**Data section**
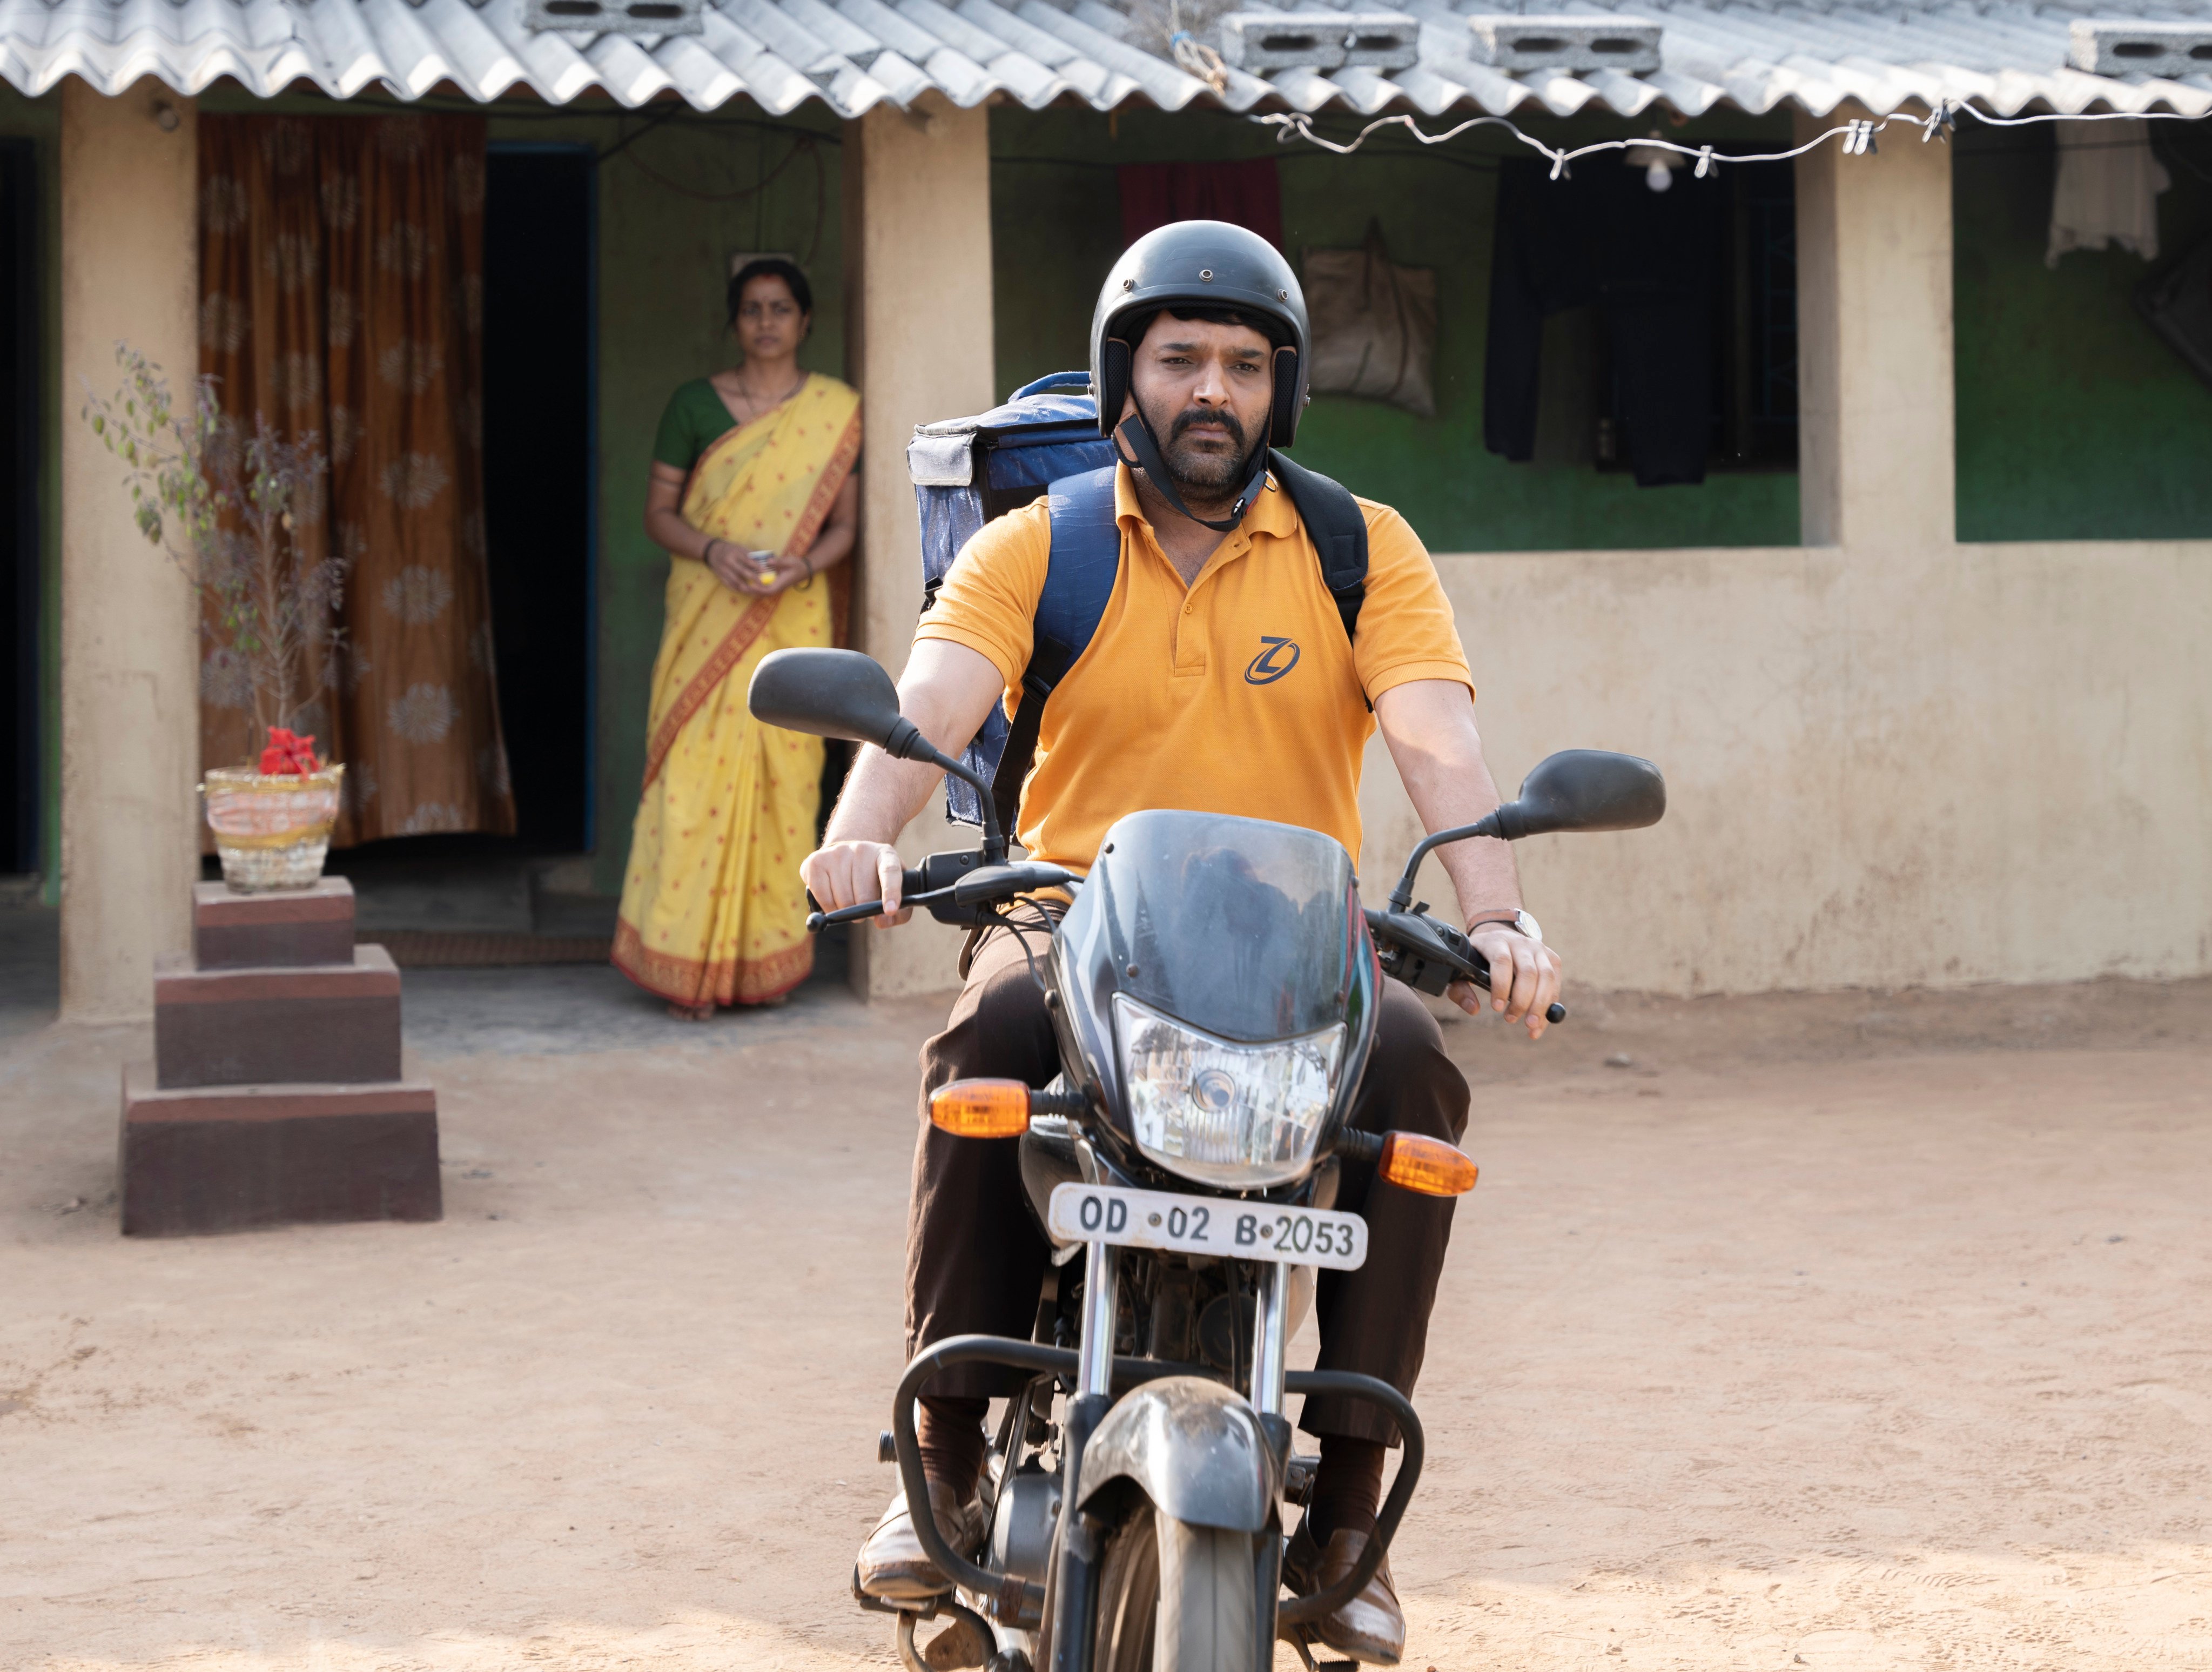 Actor Kapil Sharma as Manas Singh, a food delivery rider, in the film “Zwigato”. Photo: Nandita Das
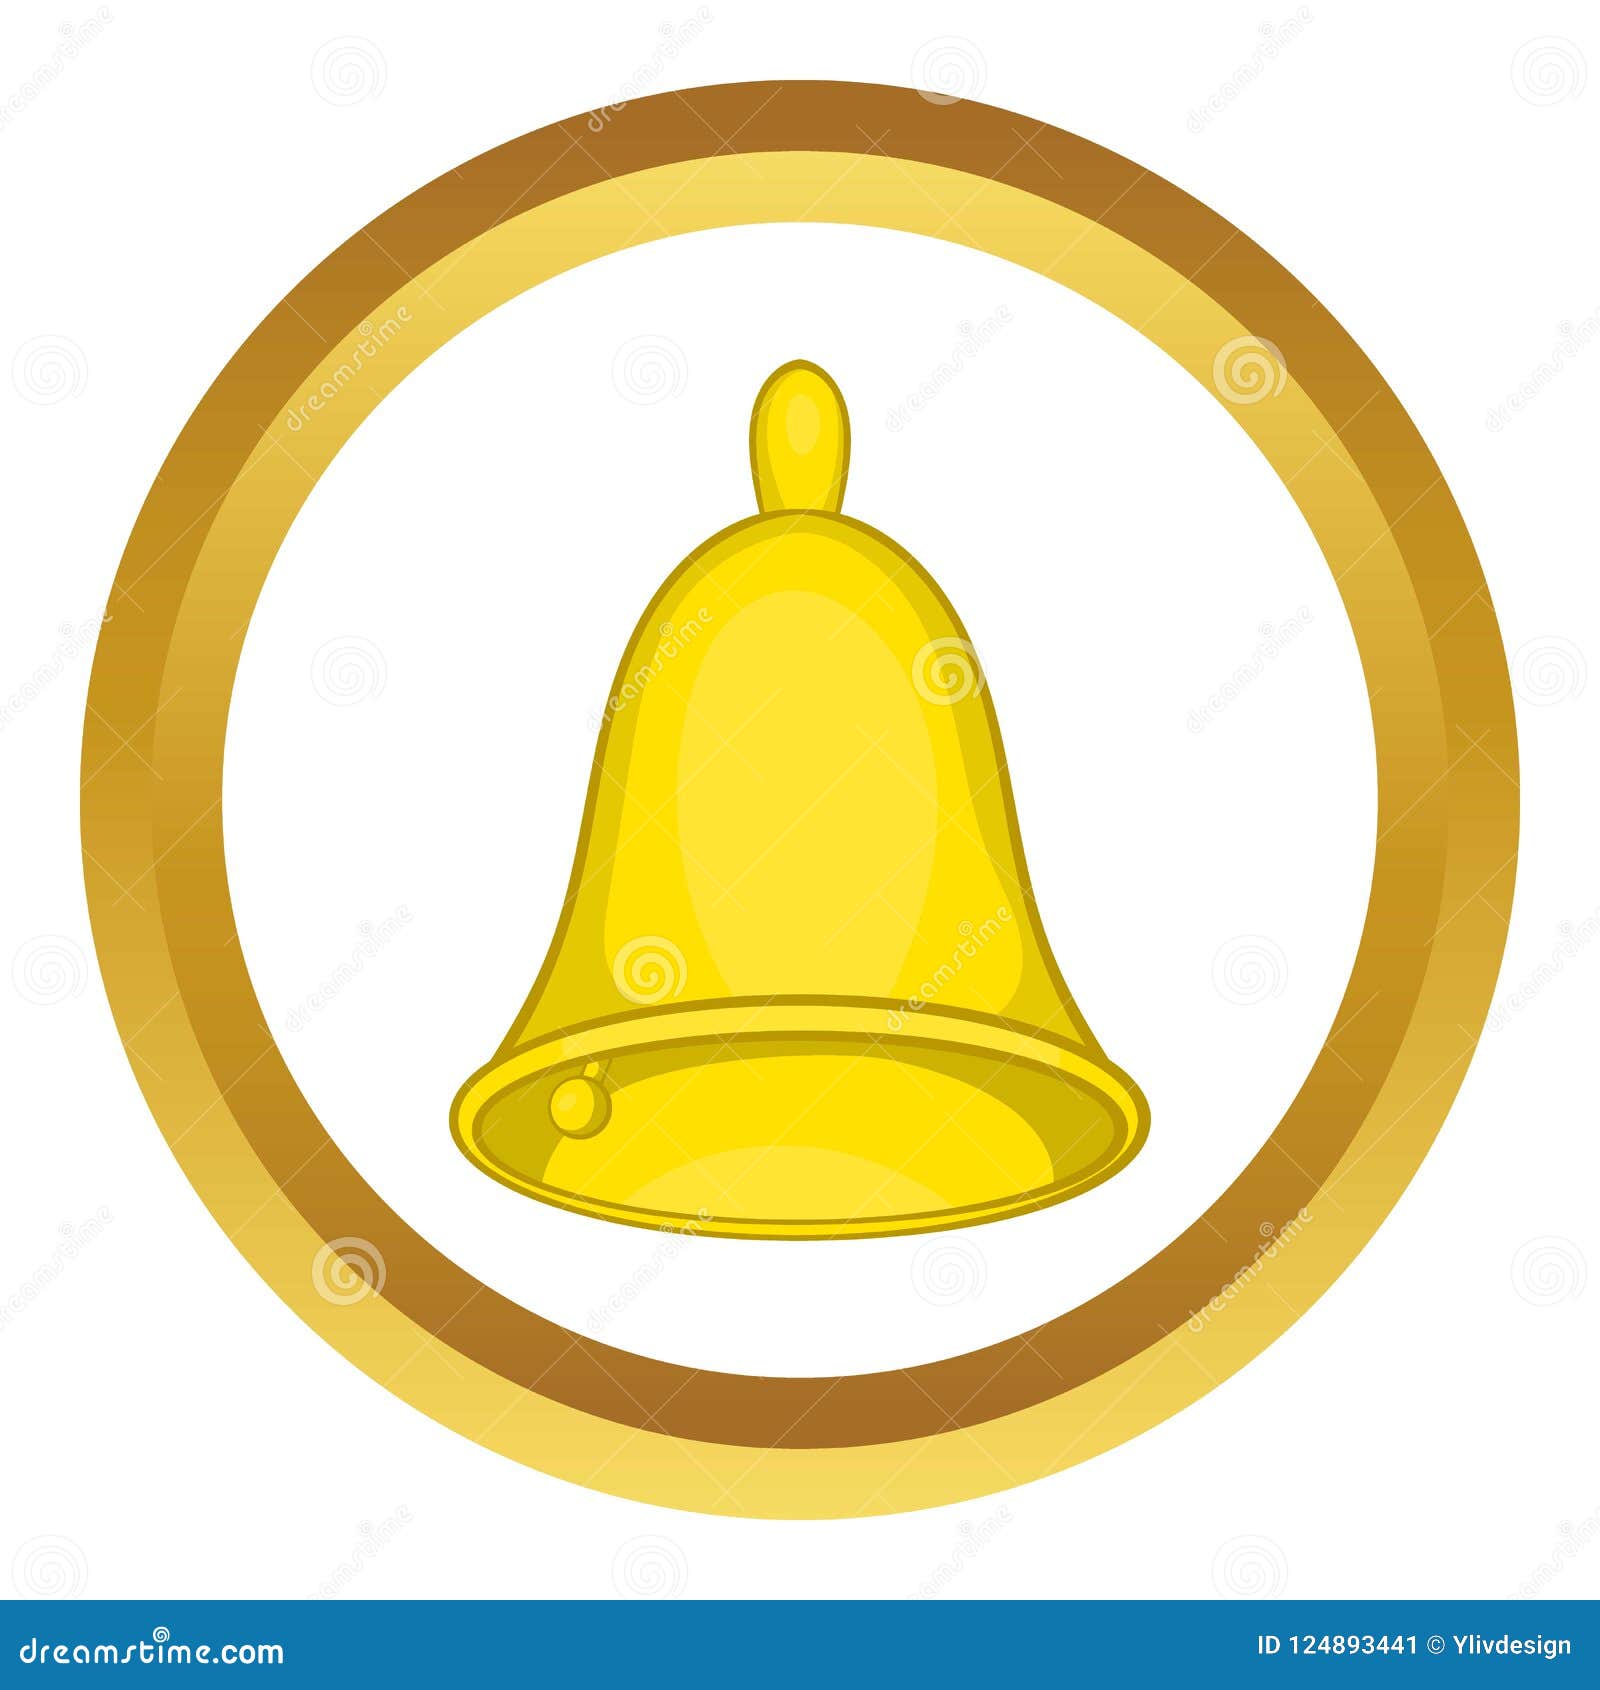 Golden hand bell icon stock illustration. Illustration of copper - 124893441
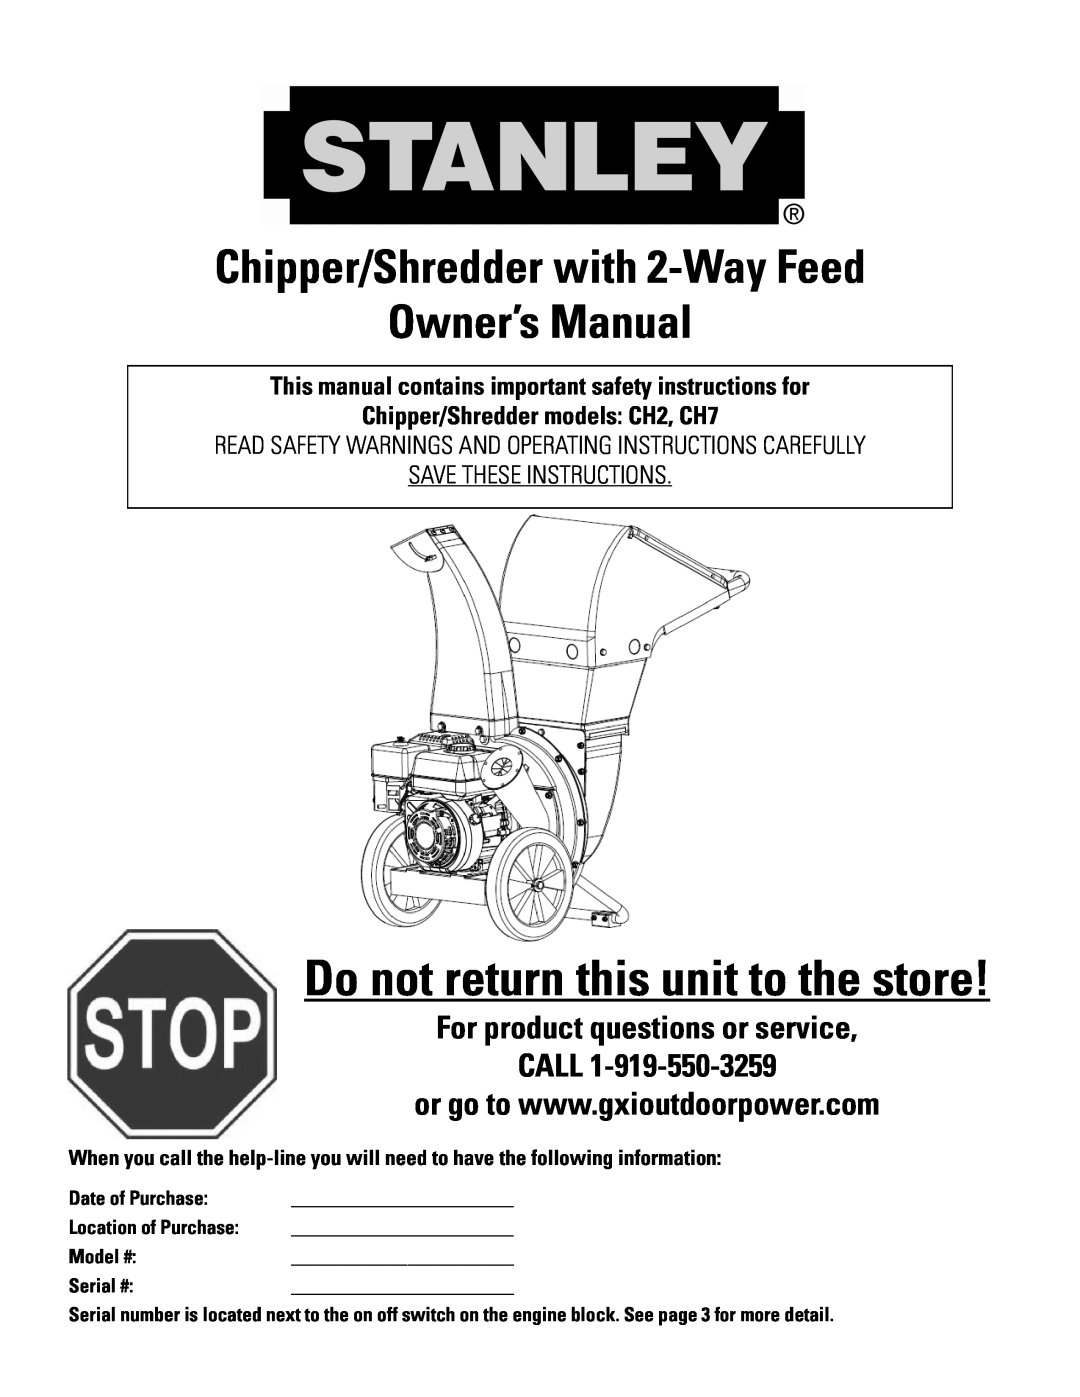 Stanley Black & Decker owner manual Chipper/Shredder models: CH2, CH7, Do not return this unit to the store, Model #

**Action item**
Everything in the listing above, apart from its pictures, must be repeated exactly.

**Reply to the task**
 Actor Kapil Sharma as Manas Singh, a food delivery rider, in the film “Zwigato”. Photo: Nandita Das
 Golden hand bell icon stock illustration. Illustration of copper - 124893441
 Stanley Black & Decker owner manual Chipper/Shredder models: CH2, CH7, Do not return this unit to the store, Model #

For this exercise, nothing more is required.